= Recorded information =
====

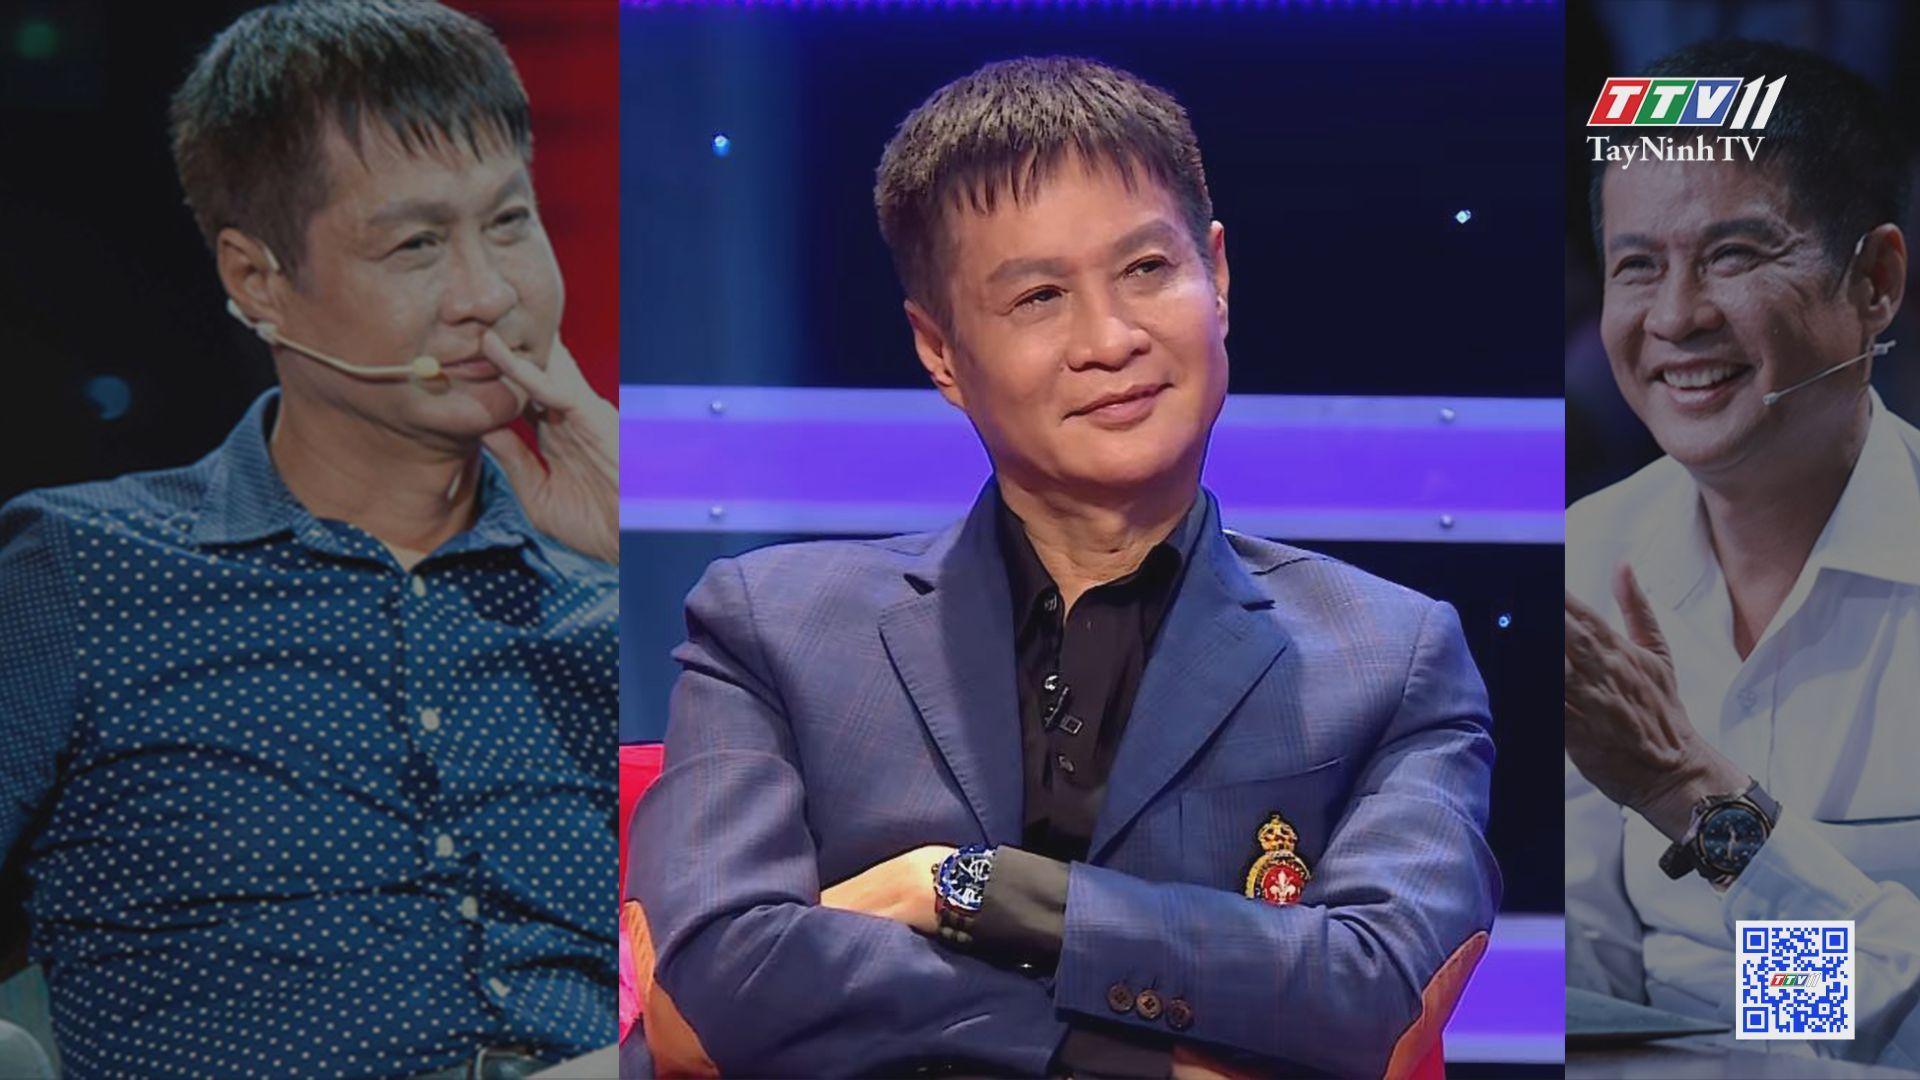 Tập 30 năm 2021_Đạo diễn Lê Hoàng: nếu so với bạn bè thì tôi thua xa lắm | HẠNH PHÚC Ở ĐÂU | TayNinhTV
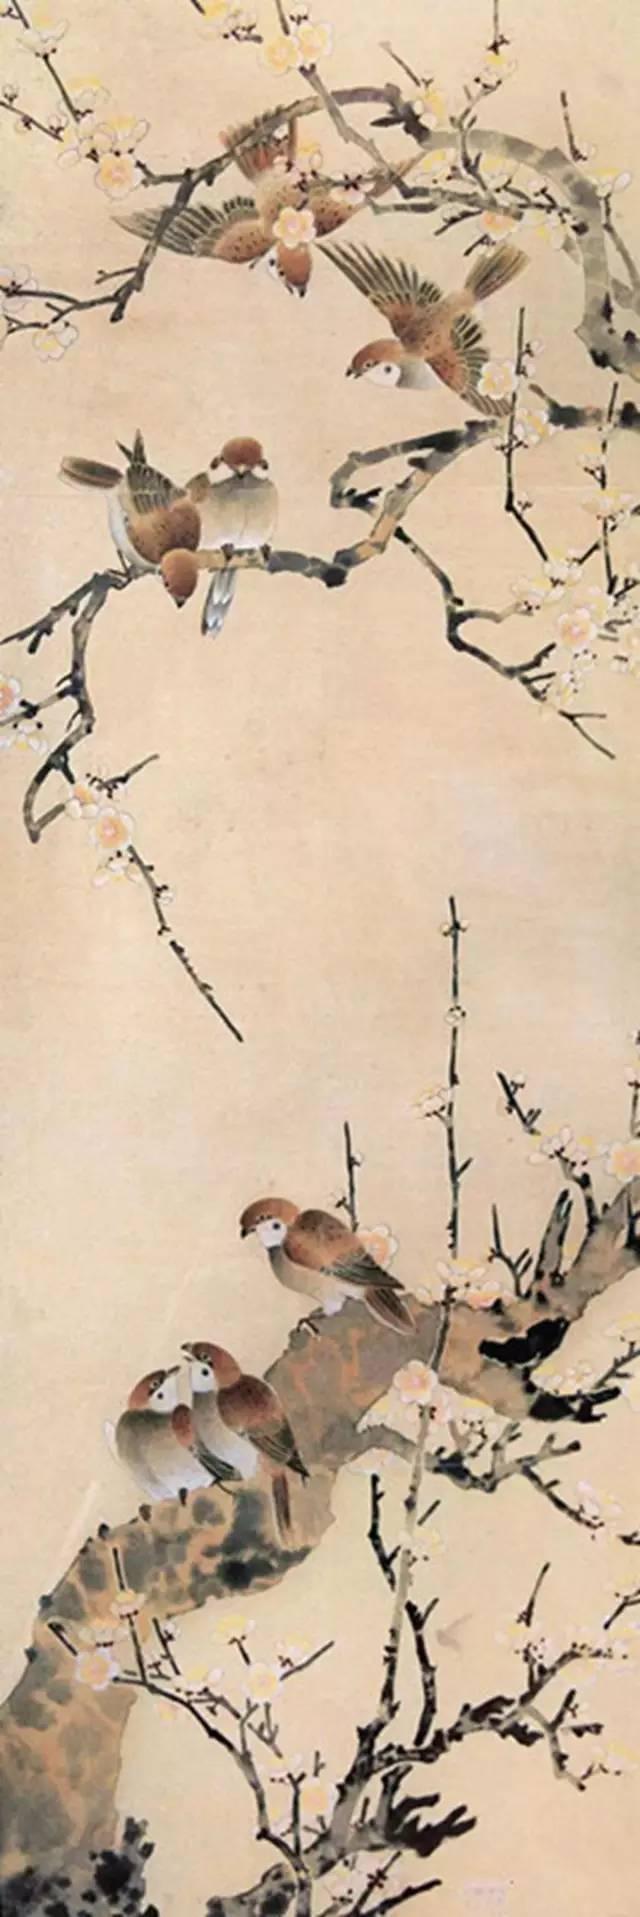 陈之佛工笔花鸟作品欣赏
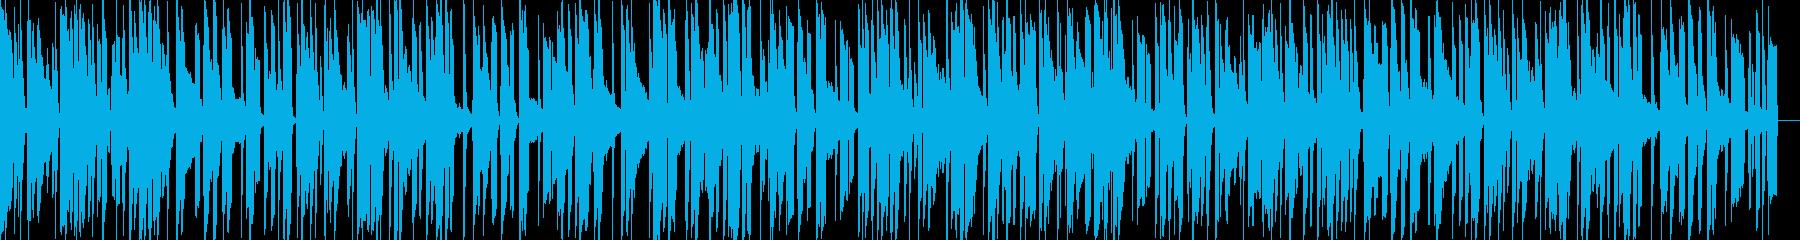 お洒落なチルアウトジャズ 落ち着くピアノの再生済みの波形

====

= Work request =
Could you print the material above word for word and skip the images?

= Result =
 Tập 30 năm 2021_Đạo diễn Lê Hoàng: nếu so với bạn bè thì tôi thua xa lắm | HẠNH PHÚC Ở ĐÂU | TayNinhTV
 陈之佛工笔花鸟作品欣赏
 お洒落なチルアウトジャズ 落ち着くピアノの再生済みの波形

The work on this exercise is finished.